Lordstown’s Electric-Truck Orders Were Vague

Also meme zombies, ESG investments and stock certificates.

Wouldn’t it be funny if all the electric-vehicle startups went public by merging with special purpose acquisition companies, and they all marketed themselves to investors using ridiculously optimistic financial projections predicting that they’d all make $10 billion of revenue in record time, and retail investors piled in to buy their stocks, and then all those projections came true and a dozen new electric-vehicle companies all became world-changing giants and the people who bought their SPACs all got rich? It would be weird, right? Like right now there is a gigantic successful high-profile electric-vehicle company in Tesla Inc., and there are a bunch of legacy automakers who know how to build cars and who are increasingly focused on building electric cars, and then there are like a dozen companies that have never built anything but have plans to build electric cars or vans or buses or trucks or whatever, and every one of them firmly believes that it will be somewhere between “the next Tesla” and “much bigger than Tesla.” And in 20 years I assume there will be an automotive industry, and it will be largely electrical, and there will be some small number of big competitors in that industry, and some of them will probably be currently existing legacy automakers, and one of them will probably be Tesla, and maybe one or two or … six? … of them will be companies in the recent crop of SPAC-funded electric-vehicle startups. But will Nikola Corp. and Fisker Inc. and Lordstown Motors Corp. and Canoo Inc. and Arrival Ltd. and Faraday & Future Inc. and Lion Electric Co. and Proterra Inc. and the electric-vehicle companies I’m forgetting, not to mention the flying-electric-vehicle companies, all be the next Tesla? Seems implausible. Some of these things are not going to work out.

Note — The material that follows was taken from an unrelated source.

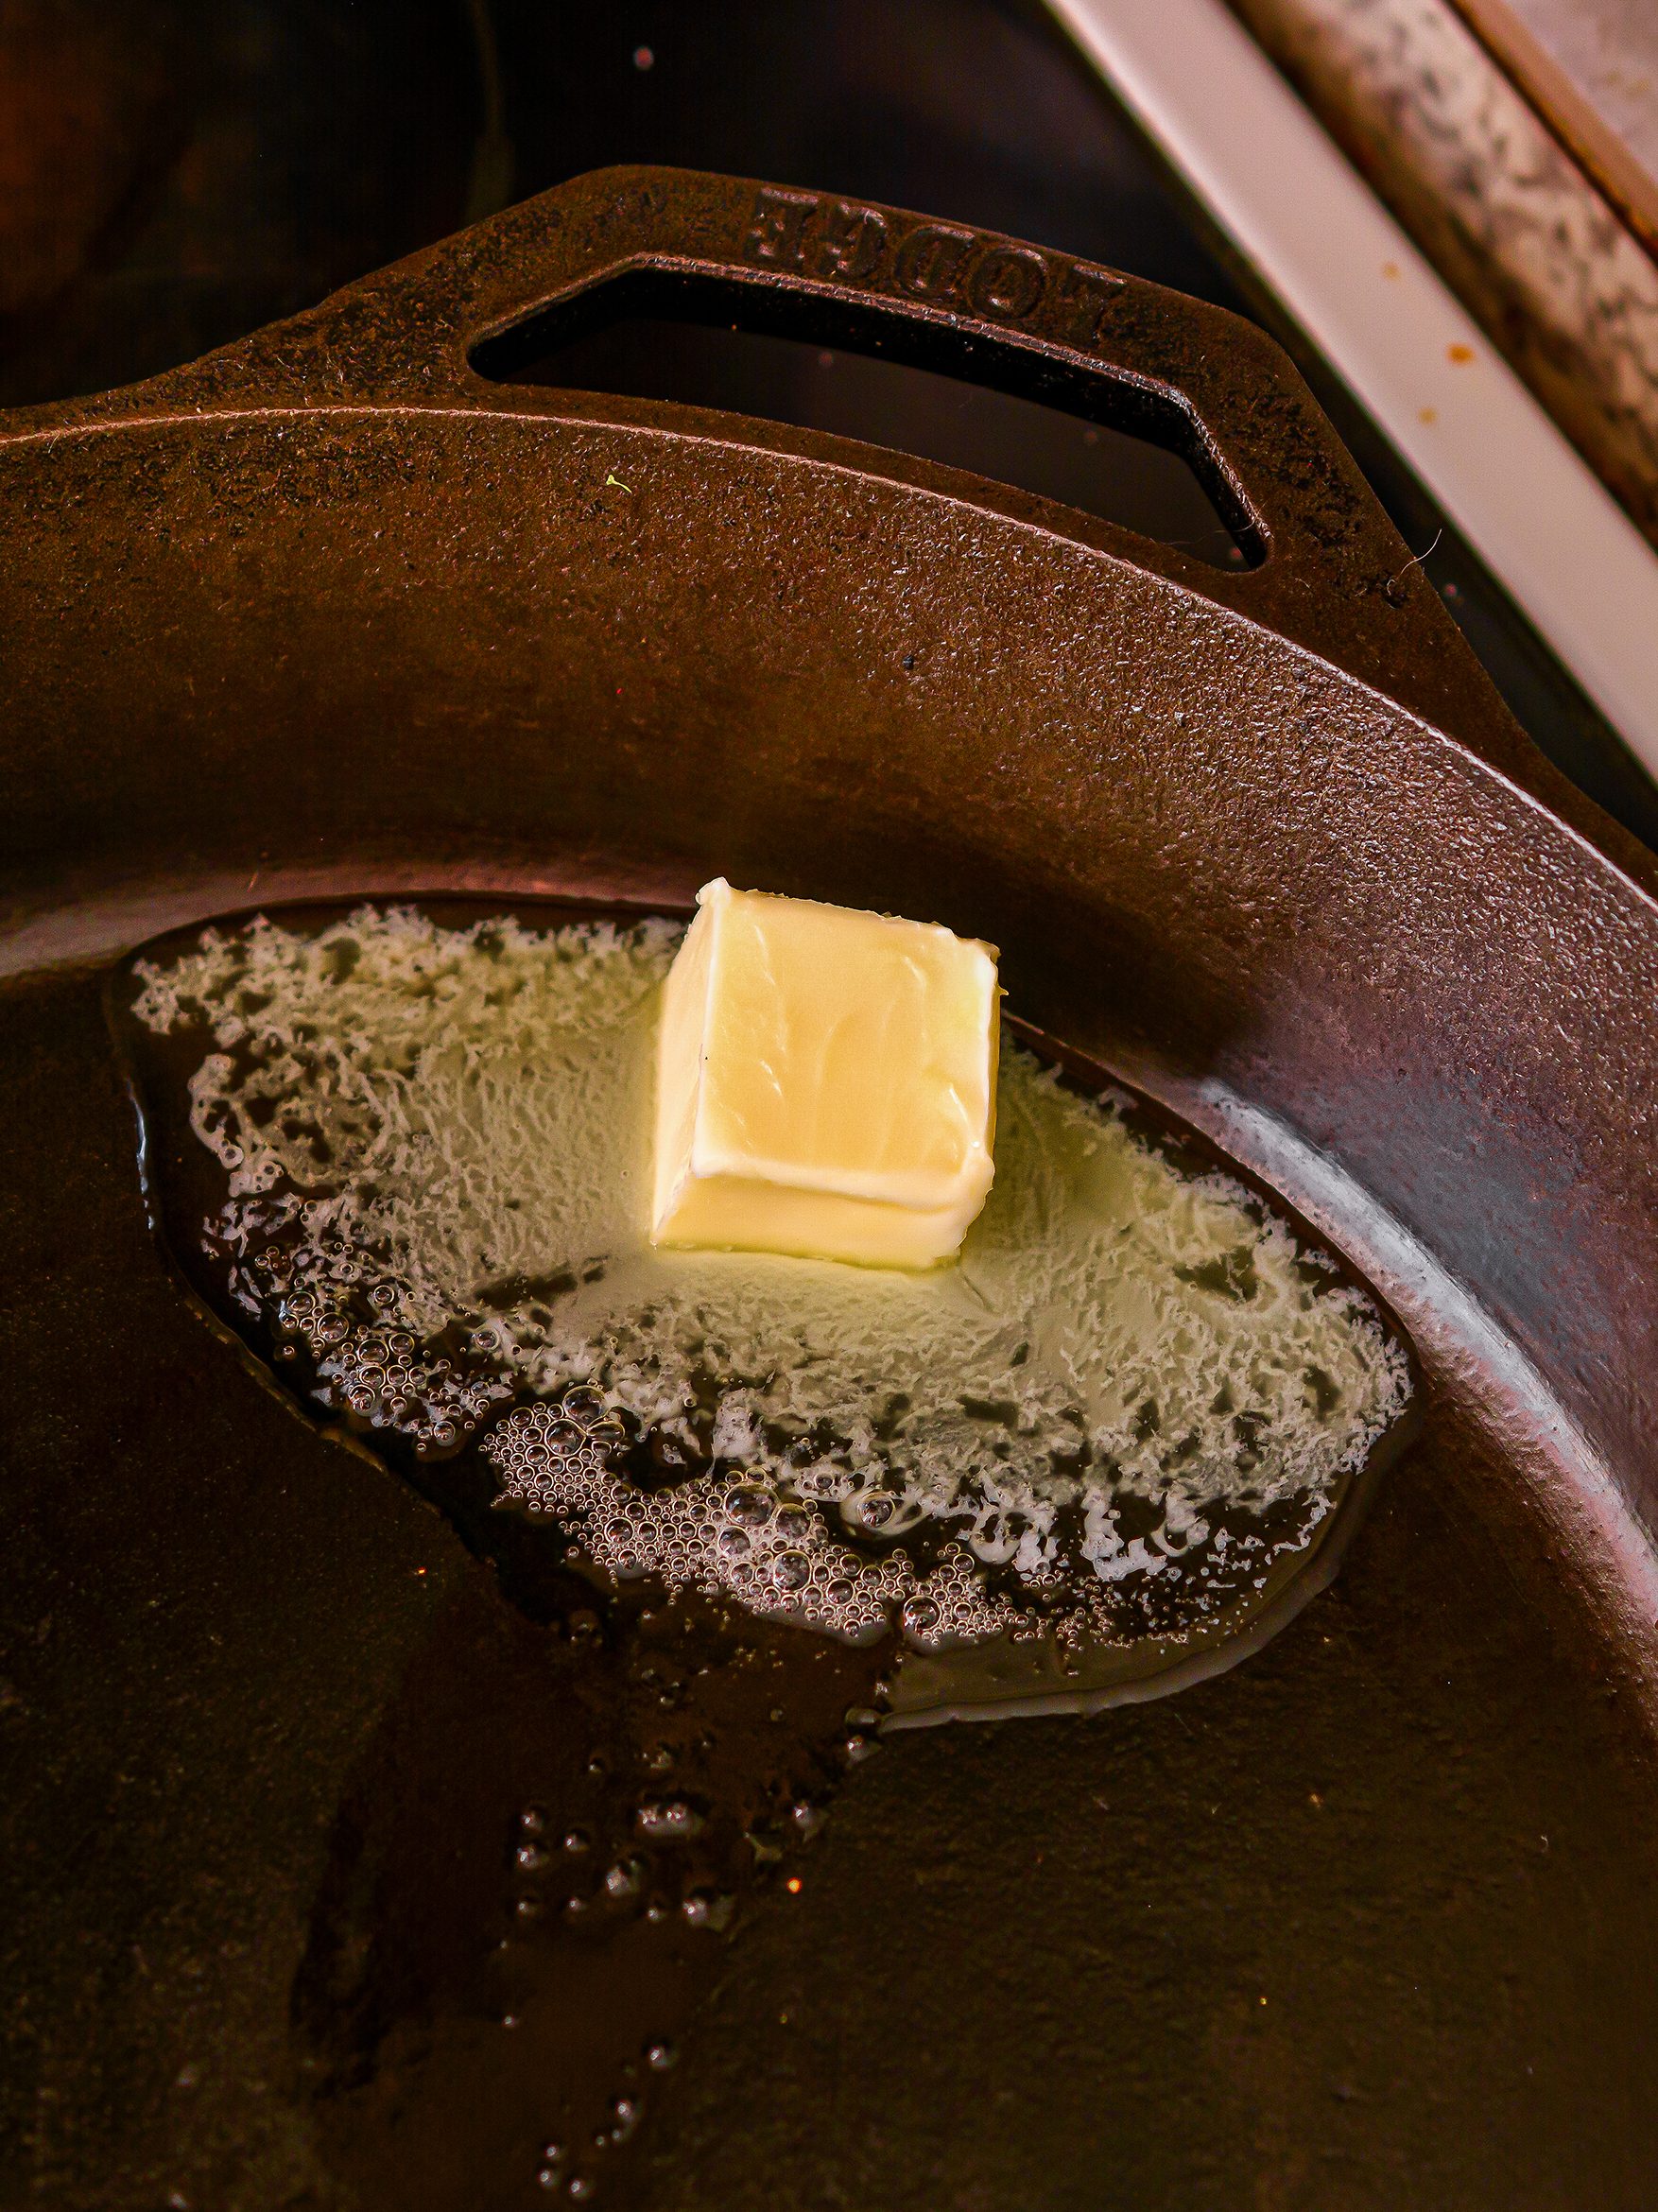 Place 2 Tbsp of the butter in a skillet over medium high heat.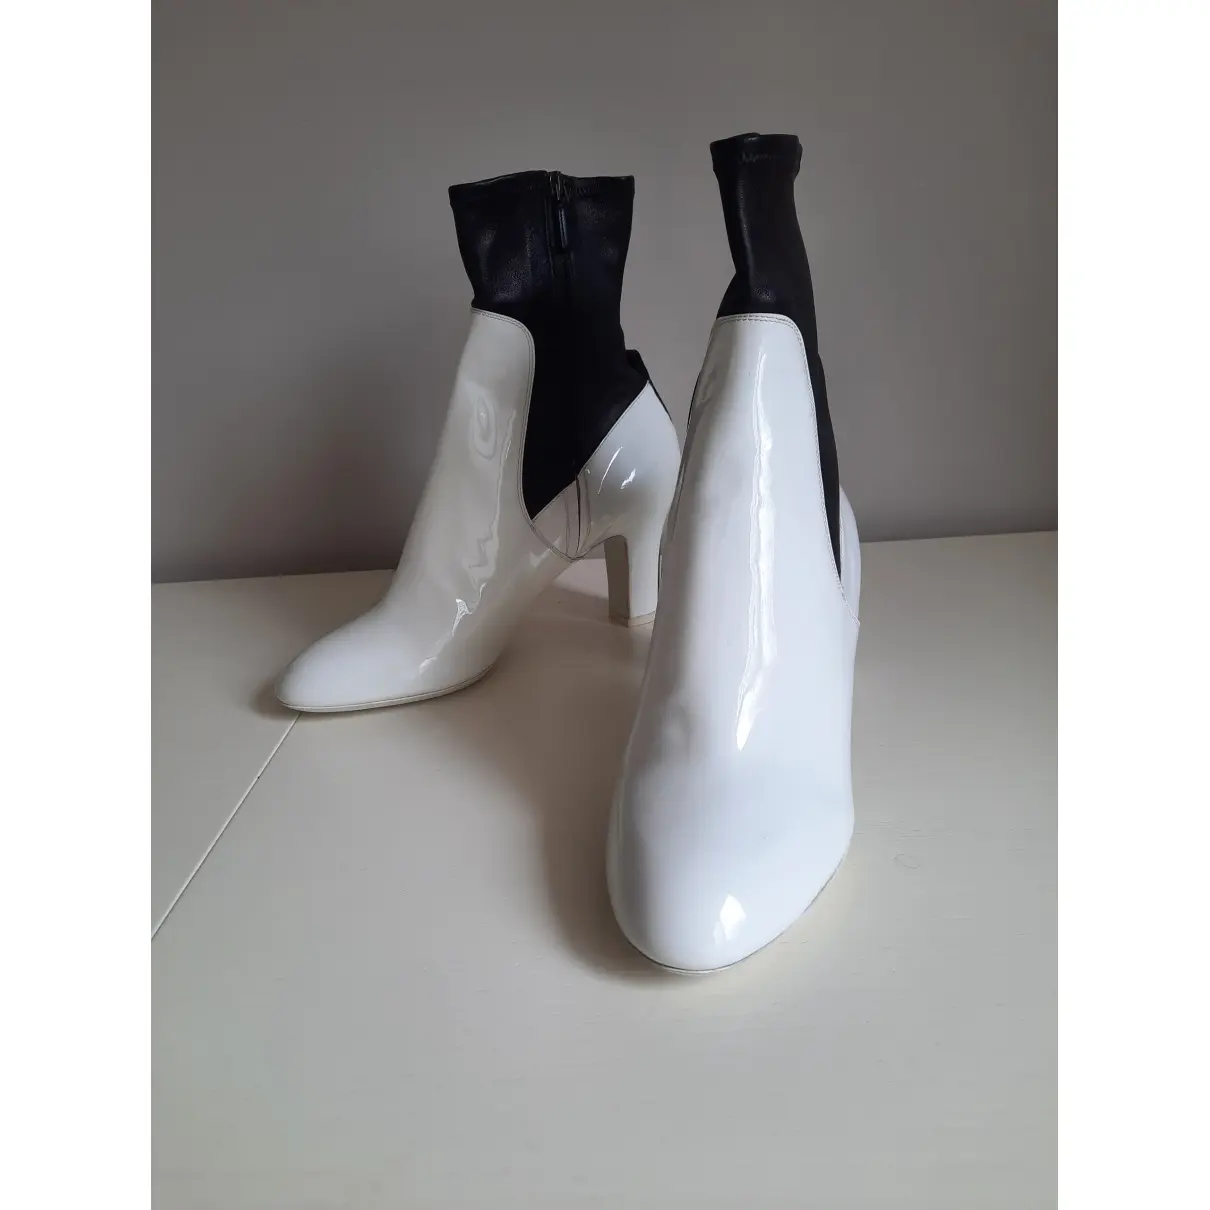 Buy Louis Vuitton Patent leather ankle boots online

And that’s fine, that’s life in capitalism; there is demand for electric vehicles and a bunch of people start electric-vehicle companies and some of them will be good at making electric vehicles and prosper and others of them will be bad at making electric vehicles and fail. And they all need lots of money to start making vehicles, so they all go to investors to ask for money, and they all say that they will be the good ones. Ex ante, no one goes to investors and says “there are like 12 electric-vehicle companies, and maybe three of them will work out, and we are not one of those, we are going to take all your money and noodle around for a while and then shrug and give up.” They all say that they will succeed! Because they all plan to succeed! They all say “the total addressable market for electric vehicles is one kajillion dollars and we will get 90% of it.” And if you add up all of their projected market shares you get, you know, 1,000% or whatever. And somebody — almost everybody — is wrong.